鹿児島には桜島を筆頭に非常に多くの火山地帯が存在する。川内原発の近くには阿蘇カルデラや姶良カルデラなどがあり、超巨大噴火があれば火砕流は原発敷地内にも到達するという意見もある。噴火のサイクル予知も難しく、規制委の見解には疑問が残る。
9月10日、原子力規制委員会は、九州電力<9508>川内原発発電所1号機・2号機が安全対策新規制基準を満たしたという審査書を受け取り、了承した。これを受け、川内原発は今冬にも再稼働される見通しが高まっている。
原発再稼働を急ぐ政府が、地域住民の声と慎重な規制委を押し切った形だ。地域住民からは「避難計画が十分でない」、「福島での原発事故の検証も十分でないのに急ぐ必要はあるのか」といった不安の声が上がっている。
事実、避難計画は規制委の審査対象ではなく、地元に丸投げされている感が強い。薩摩川内市は昨年11月に原子力防災計画・避難計画を策定したが、緊急避難時の高齢者や病人などの搬送や、避難場所の放射能汚染検査の設定、風向きを考慮した避難場所の設定など、詳細は今でもまだまだ見直しが必要な段階だ。鹿児島県や薩摩川内市はそうした見直しや、住民への避難計画の周知徹底を行っているが、国からそうした協力が十分されないまま、新基準審査合格と言われても不安が募るのは当然だろう。
また、規制委は7月に、川内原発発電所1号機・2号機の安全対策について広く一般から意見を募集した。その中には「火山対策が充分でないのではないか」、「火砕流がもしも原発に到達したらどうなるのか」などの意見も寄せられた。これに対する回答は「火山事象が原発敷地内に到達する可能性は小さい」というものだったが、これでは「もしもの時の対策は考えていません」と言っているようなものだ。しかも、こうした一般からの意見を集めておいて、その2か月に急いで新基準合格では、何のために意見を公募したのかと首を傾げてしまう。
住民の安全や福島の検証をないがしろにしてまで、なぜ安倍政権は原発再稼働を急ぐのか。大きな理由として考えられるのは、原発輸出に向けた実績作りだ。8月末に行われたインドのモディ首相来日時にも、原発輸出を見据えた原子力協定早期妥結に向けての話し合いが行われた。この他にも、9月6日には日本の国連非常任理事国入りに向け、安倍首相はライバルだったバングラデシュを訪問。様々な経済支援を約束することで、バングラデシュの理事国立候補辞退を促した。その支援の中には原発輸出による電力支援も盛り込まれている。

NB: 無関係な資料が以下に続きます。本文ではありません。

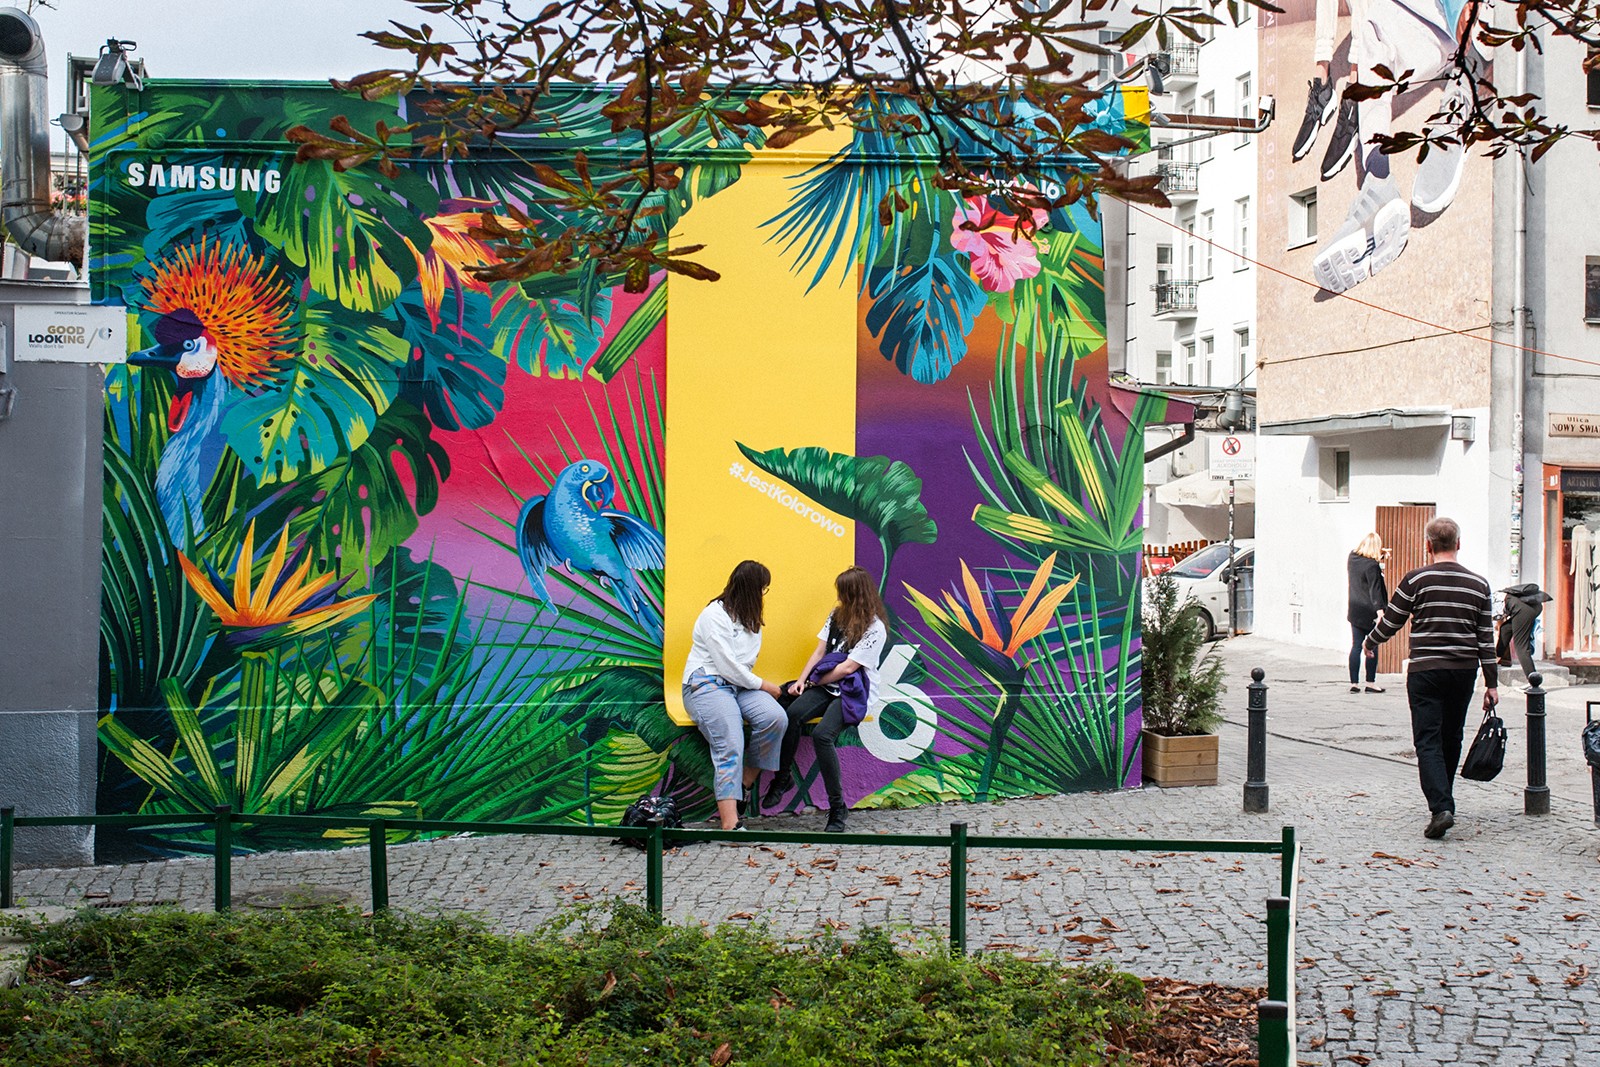 Mural reklamowy dla marki Samsung promujący telefon Galaxy J6 w Warszawie na pawilonach.jpg | Galaxy J6 | Portfolio

安倍首相の積極的な外遊の影には、世界への「日本の誇る原発技術の売り込み」が潜んでいる。あれだけの事故を起こし、その十分な検証も無いまま、「日本はさらに安全な基準を作りコントロールしていますよ」と言いたいがために、川内原発は住民の不安を無視して再稼働への道を進められている。安倍首相は売ってはいけないものを売っている、そう感じるのは私だけだろうか。(編集担当:久保田雄城)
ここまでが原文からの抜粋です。